A lot of your question is more of a rant than an actual question but I am somewhat sympathetic. In my decades of experience with development, I have found documentation that is useful but I've also seen a lot that was useless at best and often misleading.

If the proofs are written badly or unclear, we usually go ask someone or the proof author for clarifications.

What if they are not available? Much of my coding career has been spent working with code written by people who moved on years ago. Even if they are around, they might not remember. A standard programmer joke/experience is "Who wrote this garbage? [git blame], Oh, right. It was me."

Does there need to be an English explanation for every line of code etc.

No. This is stupid. If someone tells you this, you can safely ignore their advice on coding. This might make some sense if you were coding in assembly or some other really low-level language but there's no real good reason to do this in real production code using any popular contemporary language. I do see this in things like tutorials where the main point is to teach. This might give some people the impression that it's what they should always be doing, perhaps.

I actually think this is very bad practice. Commenting every bit of code is not only costly but such comments tend to be misleading if not outright wrong. They clutter up the code with a bunch of noise IMO. I tend to ignore trivial comments and delete them when I can.

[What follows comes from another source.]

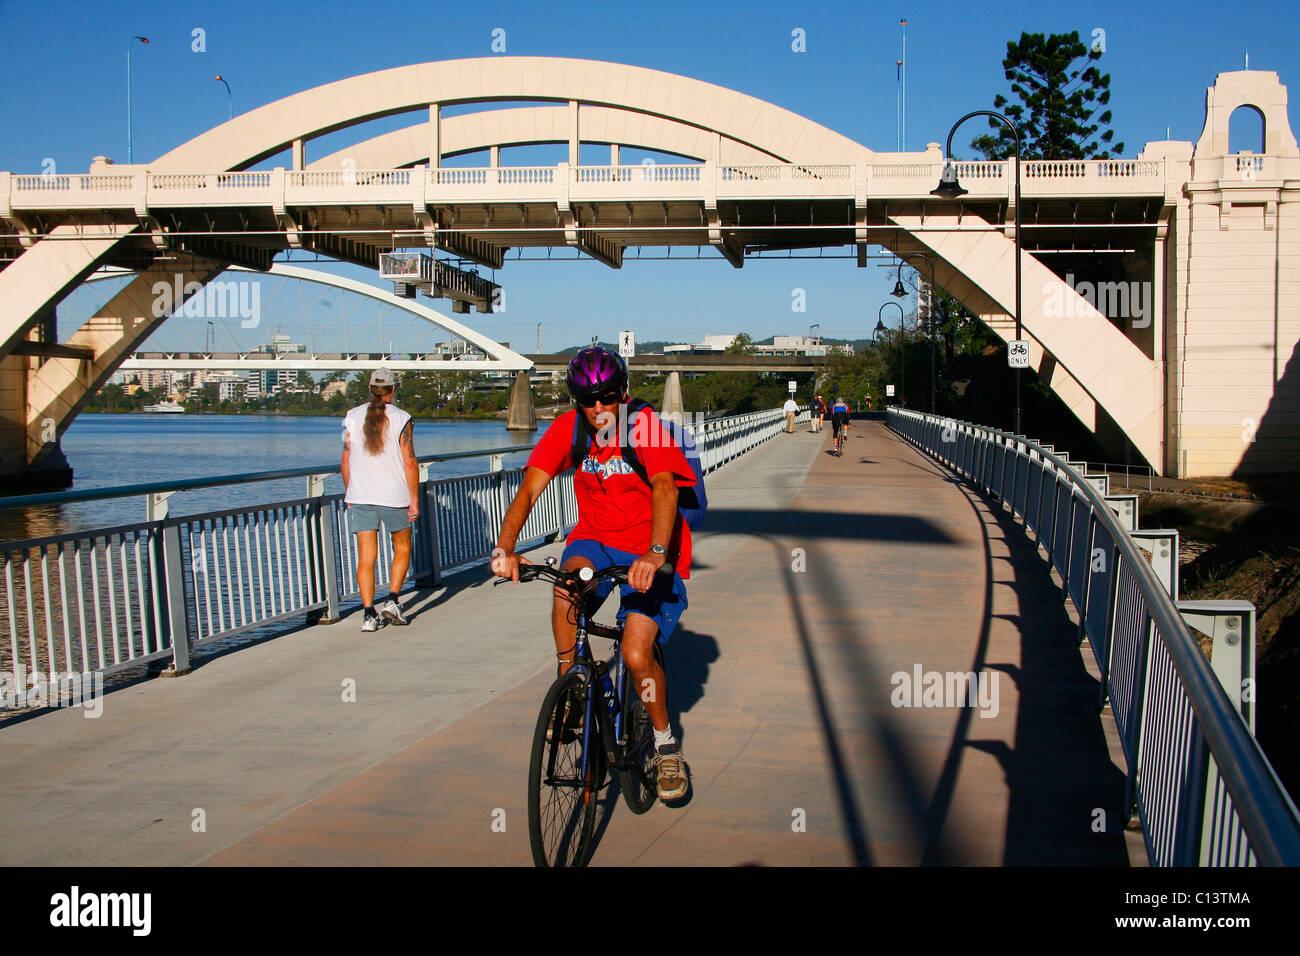 Cycleway Brisbane Australia - Stock Image

How do I know what is good documentation versus bad documentation, etc.

To start, understand that there are many types of documentation for systems. The primary distinction I would make is that there are comments or inline documentation and there are separate documents which explain various things about a system including (but not limited to) data models, networking diagrams, tutorials, design descriptions, change notes, API specs, and requirements. I agree with the view that unit tests are a form of documentation. Developers are usually mostly responsible for inline documentation and unit tests but may be involved in some of the other forms of documentation. A person who spends a good part of their time creating designs is typically referred to as an 'architect'.

Good documentation explains non-obvious things about a system. Usually, it's at a fairly high-level. For example, it can be very hard, if not impossible to understand how various subsystems work together just from looking at code and configuration artifacts. It's often helpful to have comments at the class/module/namespace level which briefly explain their purpose and usage.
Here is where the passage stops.